The mean central CT among participants without graft failure increased steadily during the study follow up (Figure 1). At 6 months, the mean (± SD) CT was 535 ± 45μm and increased to 580 ± 59μm at 5 years, which represented a relative change of 9% ± 11%. Between 6 months and 5 years, CT decreased for 18% of the 378 participants without failure.

Figure 1.

Figure 1

Box Plot of Corneal Thickness Measurements (μm) over Study Follow up (N=887). Description: In the box plot, black dots indicate mean values; horizontal lines in the boxes, medians; and the bottom and top of the boxes, the 25th and 75th percentiles.

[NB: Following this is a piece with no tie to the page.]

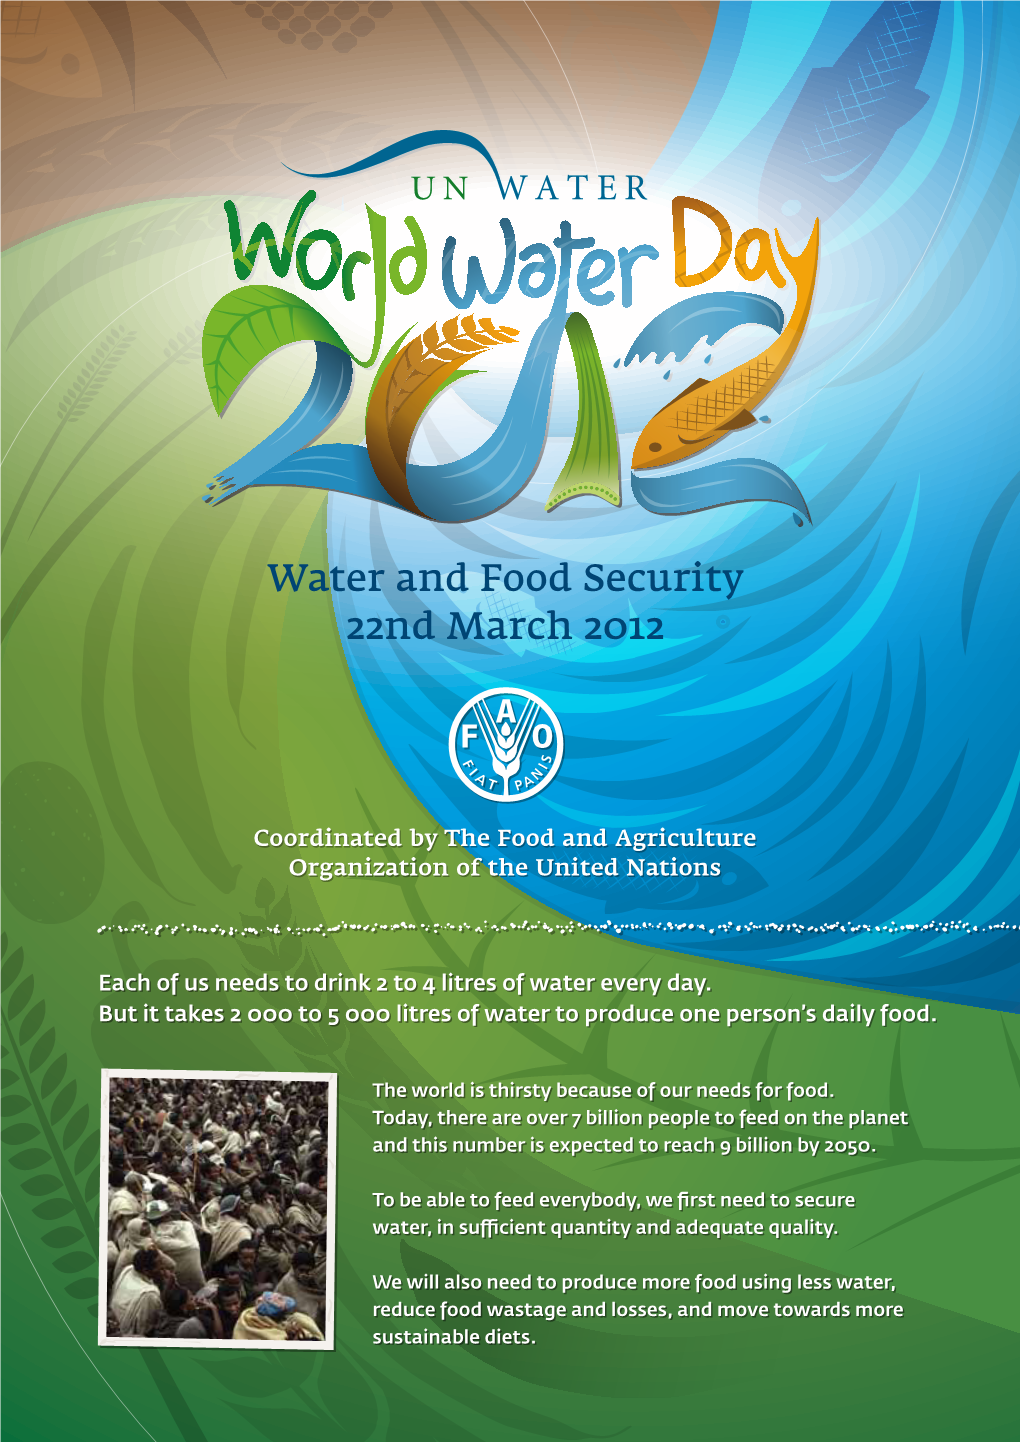 World Water Day 2012 Is Coordinated by the Food and Agriculture Organization of the United Nations What Is the Future, What Are the Challenges?

At 6 months, the median ECD (interquartile range) was 2519 cells/mm2 (2152, 2912) and decreased to 792 cells/mm2 (580, 1296) at 5 years, which represented a median cell loss of 65% (48%, 74%). The increase in CT was modestly associated with the loss of endothelial cells during the study follow up (P<0.001, Figure 2). At 6 months, the Spearman correlation between CT and ECD values was −0.09 (95% CI: −0.21, +0.03, P=0.15, n=261), and was −0.30 (95% CI: −0.40, −0.20, P<0.001, n=304) at 5 years. The correlation between the change in CT and the change in ECD at 5 years (Spearman correlation coefficient = −0.29, 95% CI: −0.43, −0.14, P<0.001, n=146) was similar to the correlation between CT and ECD values at 5 years.

Figure 2.

Figure 2

Median ECD and CT Values Over Time.

Corneal Thickness and Baseline Factors

In longitudinal multivariate analysis, higher CT measurements during follow up were associated with a baseline diagnosis of pseudophakic or aphakic corneal edema (P<0.001), intraocular pressure (IOP) higher than 25mmHg during the first post-operative month (P=0.003), white (non-Hispanic) donor race (P=0.002, Table 1) and respiratory causes of donor death, which included respiratory failures and other respiratory diseases (P<0.001, Table 1). Non-white (including Hispanic) recipient race was significantly associated with CT in univariate analysis, but it did not reach the significance level of <0.01 in the multivariate analysis due to confounding with baseline diagnosis. The number of non-white or Hispanic donors and recipients was too small to evaluate any interaction between recipient and donor race. Other baseline factors associated with CT that demonstrated a P-value of less than 0.01 in univariate analyses, but were no longer significant at this level in multivariate analyses included recipient gender, recipient glaucoma history, pre-operative lens status, donor tissue size, vitrectomy, and donor history of diabetes. The principal confounding factor accounting for the differences between the univariate and multivariate analyses was corneal diagnosis for the recipient and operative factors and cause of death for the donor diabetes history. Donor age was not significantly associated with CT values in univariate (P=0.35) or multivariate analyses (P=0.31). No other recipient (age, history of diabetes, smoking status), operative (recipient bed size, post-operative lens status) or donor factors (baseline ECD, gender, type of tissue retrieval, tissue refrigeration, time from death to preservation and time from death to surgery) demonstrated significant association with changes in CT over time.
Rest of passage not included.